日本通運(株)は、このたび、国際航空貨物輸送分野におけるトレーシングサービスを強化するため、業界に先駆けてUHF帯のRFIDによる「貨物追跡システム」を導入し、2008年9月30日から運用を開始する。

近年のグローバリゼーションの進展、新興国の市場の拡大に伴い、生産拠点や物流拠点を海外に移転、新設する企業が増えている。このようなグローバル企業においては、市場の需要変動に迅速かつ的確に対応するため、業務効率の向上、物流の最適化といった高度なSCMの構築が必要であり、とりわけ、輸送情報のリアルタイムでの「見える化」が必須となっている。
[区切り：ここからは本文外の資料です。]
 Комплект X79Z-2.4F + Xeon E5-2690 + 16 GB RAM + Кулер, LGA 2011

同社の国際航空貨物部門では、従来からこのような顧客のニーズに応えるべく、NICEやREWARDSなどの日通独自の情報システムにより、精度の高い輸送情報、倉庫情報の提供に努めてきたが、「見える化」を一層進め、より高度な輸送情報を提供するため、UHF帯のRFタグを貨物に貼付し、トレースするシステムの検討を行ってきた。

導入検討にあたり、成田空港外の同社の施設及び上海浦東空港外の同社施設における、実運用に向けた読み取り実証実験を行ってきた結果、このほど実用化の目処がたったため、RFIDシステム導入への豊富な実績と高い技術力を持つ(株)日立製作所をソリューションパートナーとし、UHF帯のRFIDを使用した「貨物追跡システム」を本格的に導入することにした。
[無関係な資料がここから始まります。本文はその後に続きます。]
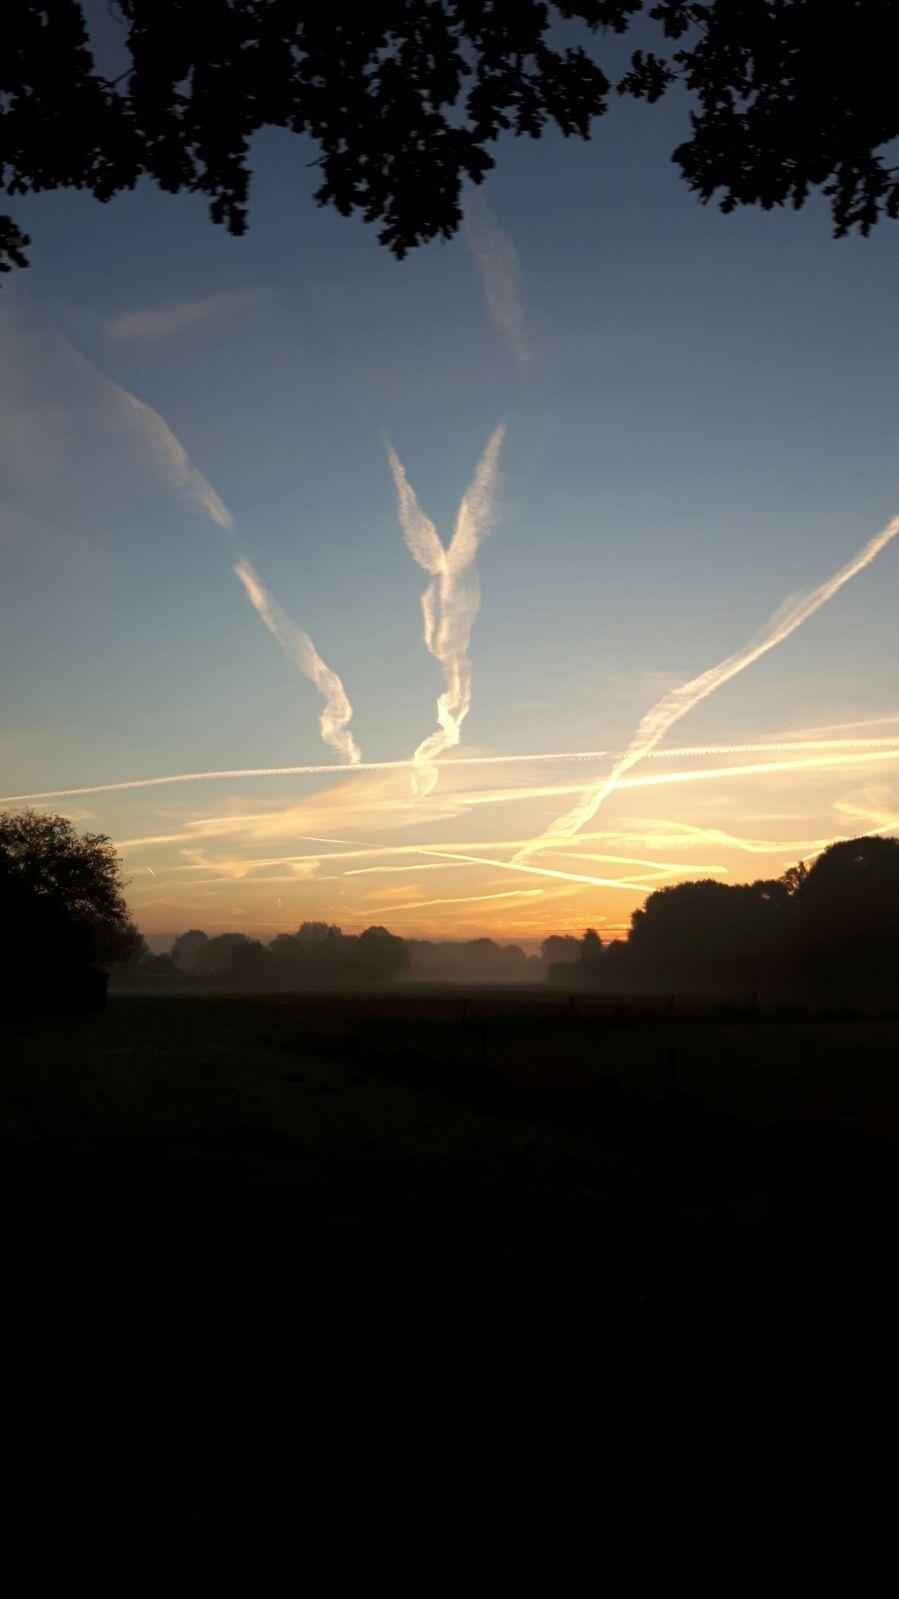 Mist(archief)foto in de buurt van Varsseveld

同システムでは、ISOが定める国際標準規格に準拠した日立のUHF帯のRFID「μ-Chip Hibiki」を採用し、UHF帯のRFIDを業界で初めて国際航空貨物分野に実際に取り入れ、顧客の求める「サプライチェーンの見える化」及び業務プロセスの改善を支援する。 
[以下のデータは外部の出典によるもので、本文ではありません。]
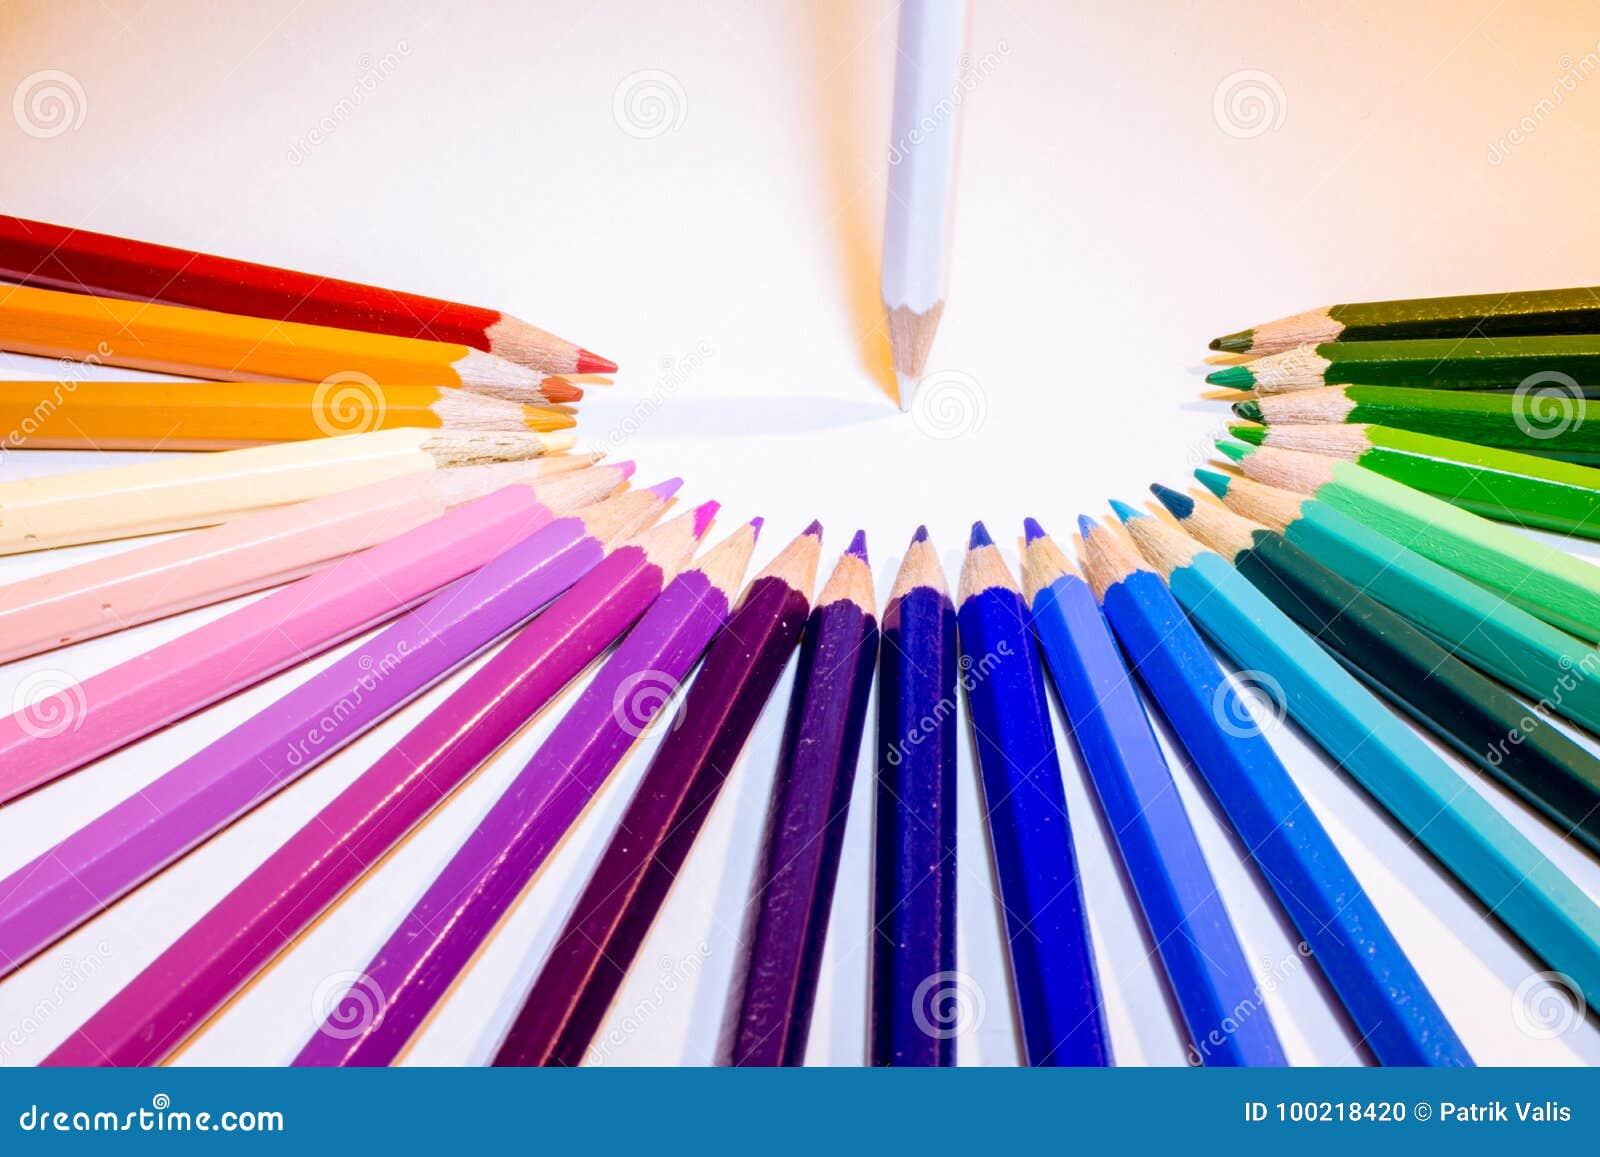 Teambeheer van kleurpotloden

同サービスは、今後の物流需要の増大が一層見込まれる上海浦東空港への輸出貨物において運用を開始し、順次国内5拠点、海外13拠点へ展開していく予定。また、温度・衝撃センサーとRFIDとの連携による輸送中情報の付加サービスの提供、環境問題への取り組み(反復資材管理・環境規制情報の付加)にも寄与する仕組みの構築により、さらに高品質なサービスの提供を進めていく。